私は幼い頃から右耳が全く聞こえない片耳難聴者だ。
あるとき、
「もしかしたら骨伝導で聞こえるようにする手術とかしたら
聞こえるようになるかもしれないらしいよ?」
と、親に言われた事がある。

私は悩む間もなく
「ふーん。でもいいよ。このままでいい。」
と答えた。


たしかに片耳難聴というのは不便ではある。
が、いまの生活に困ってはいない。
「困る」というのは私の感覚では
”なんだかどうしようもなくて、悩ましい(けど解決法はわかってはいる)”というもの。
なんだろう、例えば…
数学の問題がどうしても解けない!とか
髪の毛が邪魔で気が散る!とか
お金がない!とか。

そういう思いは、片耳難聴でしたことがない。
というか、
”なんだかどうしようもない”ので”努力をしてみる”が”それでも無理だったものは諦めまーす”
の流れが片耳人生の中で出来ている。
要するに、何か行動を起こせば困難は解決されるのでは!というような欲求や期待をしていないので
別に「困る」という感情までに至らないのだ。
さっきの例で言えば、
数学の問題は解き方があるのだから先生に聞けばいいし
髪の毛はゴムで結べばいいし
お金は働くか一時的に借りるとかすればいい。
その解決法を行うまでに、一時的に「困った!」という感情が生まれる。
逆に解決法があるのかさえもわからなければ「さてどうしようかな?」とか
「無理かもしれない諦めよう」という感情(考え)が生まれる。
ほら例えば、「自分、冷蔵庫になりたいっす!」とかに置き換えてみればわかりやすいだろう。極端だけども。


話がそれたが、片耳難聴である私はこの二つの考えがある種の行動の軸になっている。
どうしたら聞こえやすくなる?または、ある程度聞こえないのはもう仕方ないな!という二つだ。

世の中は両耳健聴が多いのだから、それに合わせて物事が作られている。
そこで「聞こえづらいよ~、コミュニケーション取りづらいよ~」って嘆いたってどうしようもない。
そりゃそうなのだ。だってみんな聞こえるのが普通なのだから。
だから工夫するか諦めるしかない。
工夫するならば、自分の聞こえる立ち位置をキープしたり、人より集中して聞くようにしたり。
それでも聞こえなかったら愛想笑いや適当な相づちでどうにかやり過ごす。

片耳難聴は解決法がない。(私の場合は補聴器も使えない片耳難聴なので)
自分で生きて行く上で過ごしやすいように付き合い方を作っていくしかないのだ。
聞こえなくて寂しい思いはしたことがあるけど、それは「困る」ではない。
結果でそういう感情になっているだけ。
「聞こえないから、寂しい」のであって「聞こえないから、困る」というものではないのだ。

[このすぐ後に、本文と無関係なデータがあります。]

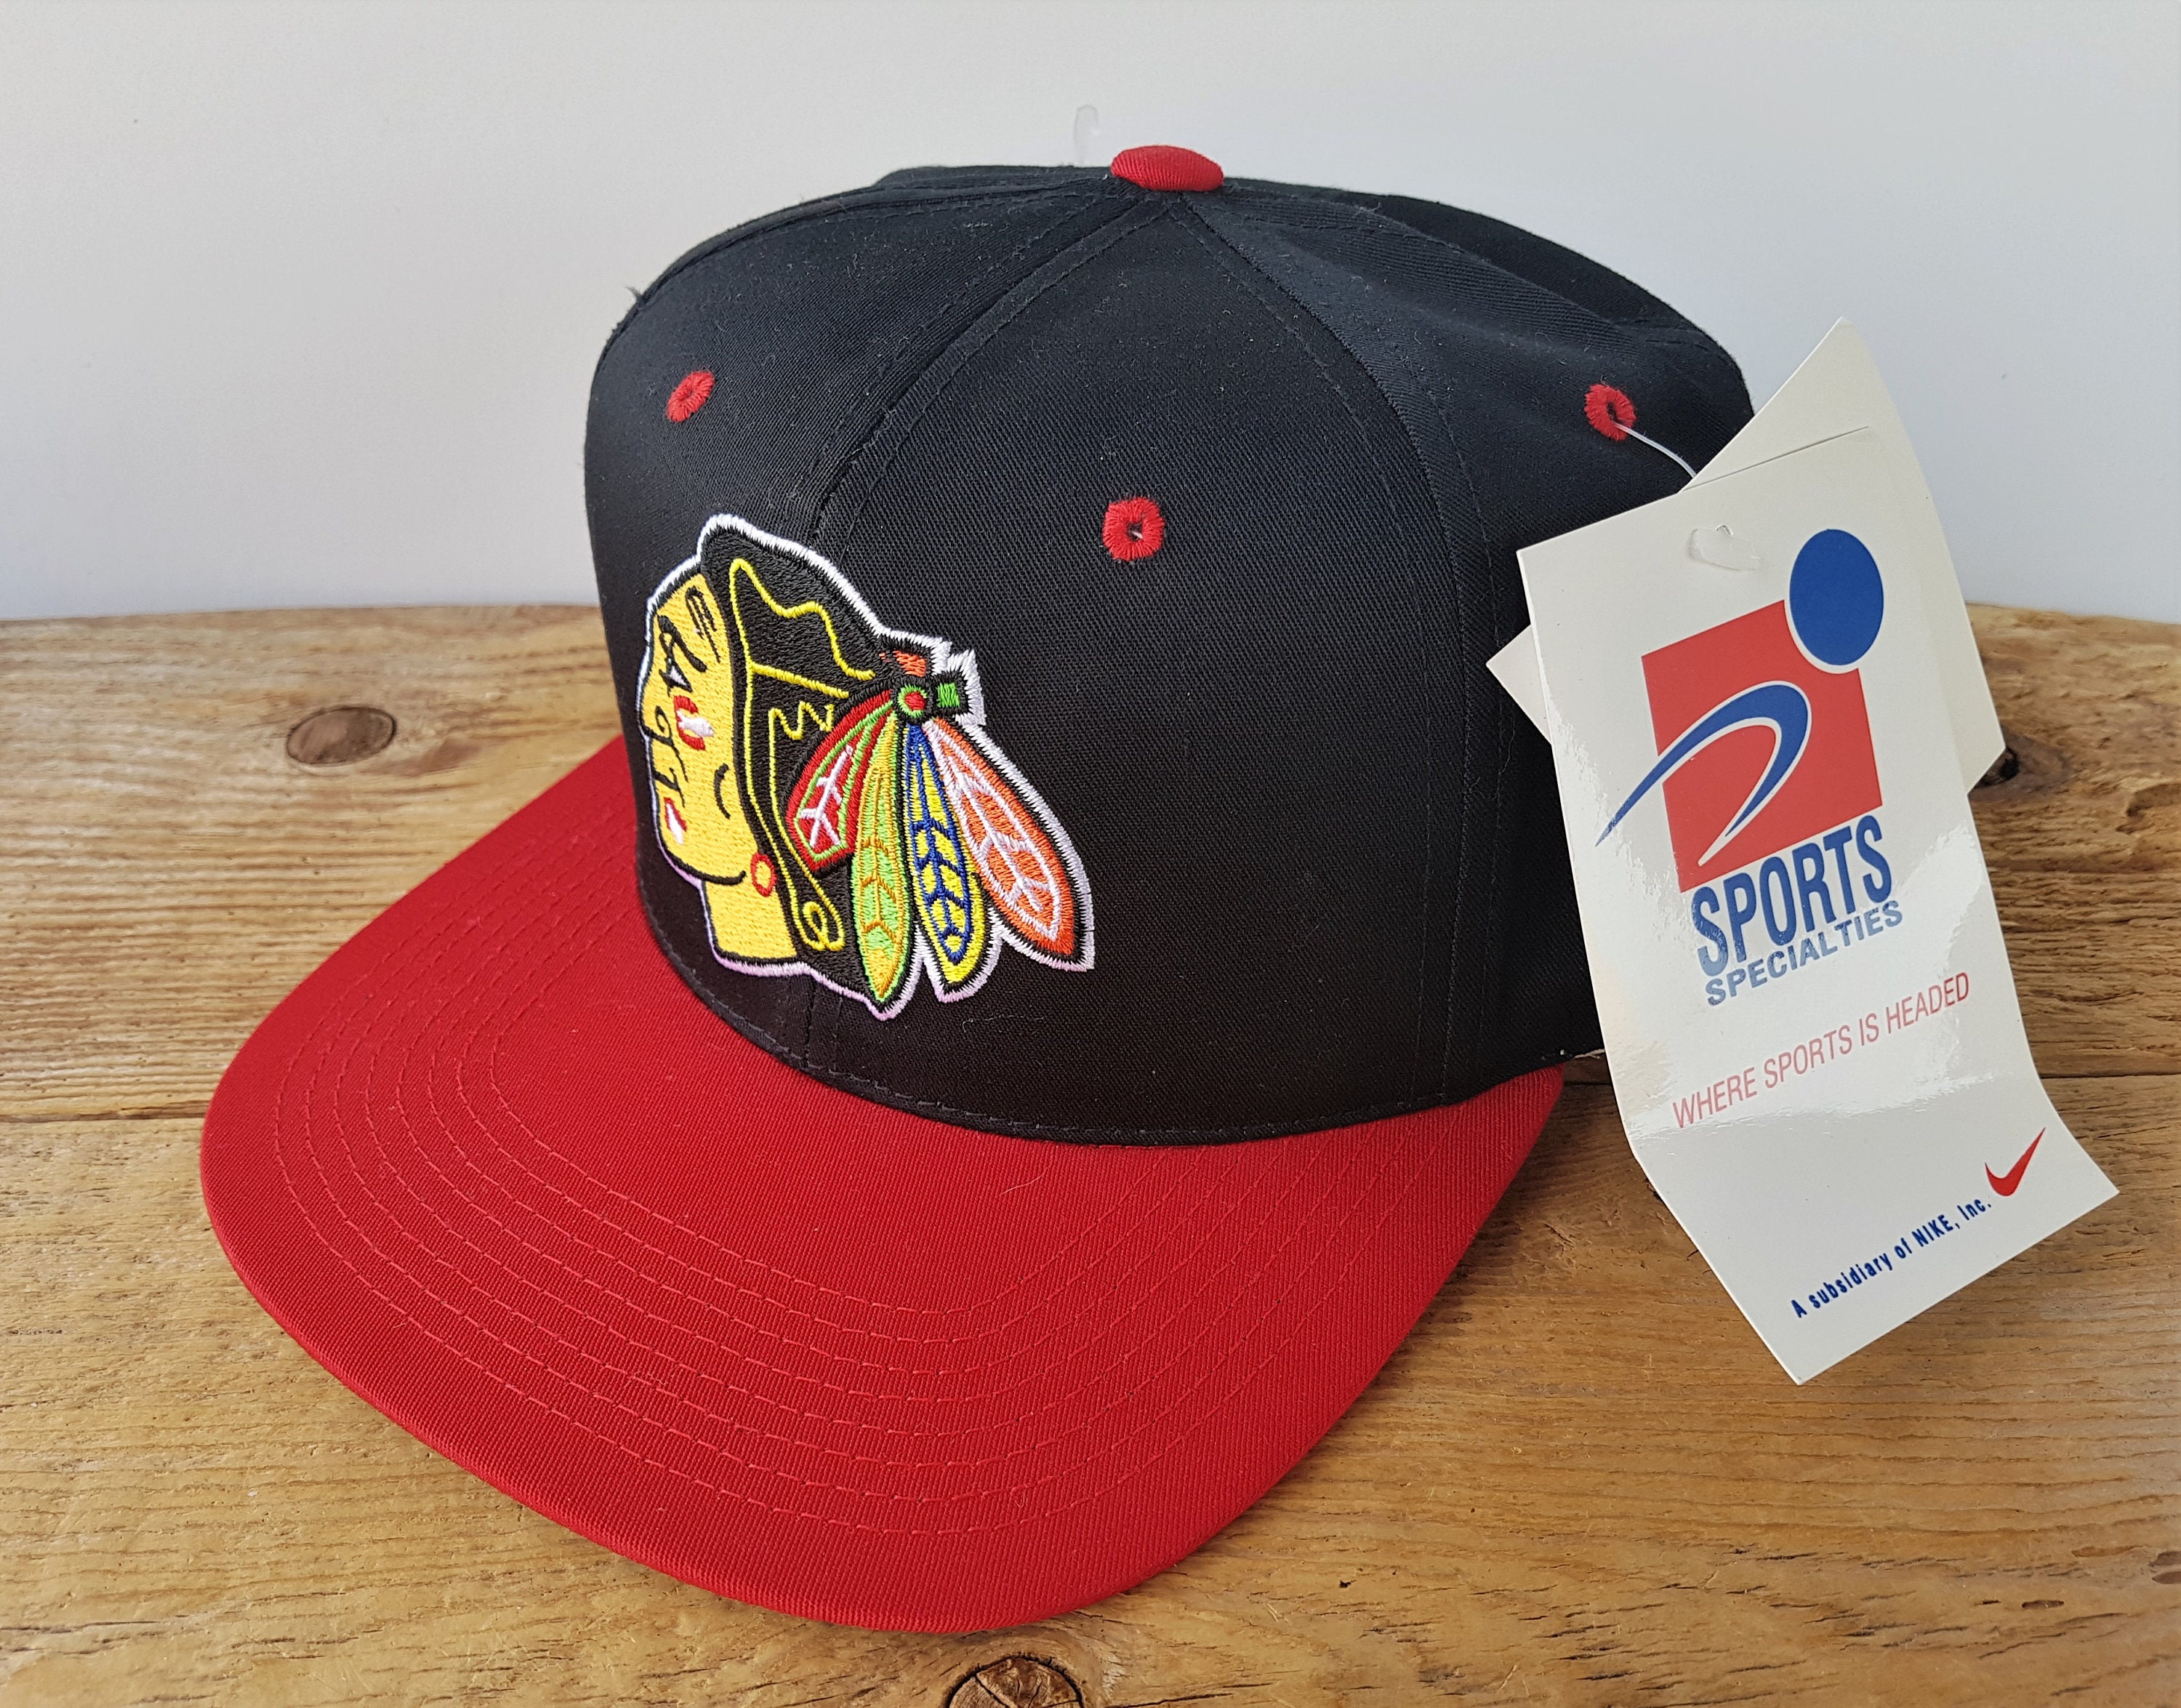 Mitchell & Ness Chicago Blackhawks Vintage Fitted Hat

むしろ私からしたら、突然両耳聞こえるようになる方が困る。
それは、今まで片耳難聴と付き合って築いてきた生き方や身体バランスがあるのに
それを全てとっぱらうなんて、怖い。
両耳健聴は魅力的だが、今ではそんなリスクを背負ってまでなろうとは思えない。
これが普通でこれが当たり前の人生なのだ。
幸いにも両耳が聞こえるという味を占めていないので、片耳聞こえるだけで
私には本当に本当に十分なのである。
世の中は両耳人生の皆さんがほとんどなので私には少しギャップがあるが
それを埋める努力や発見は楽しいし、片耳人生を結構エンジョイしているつもりなのだ。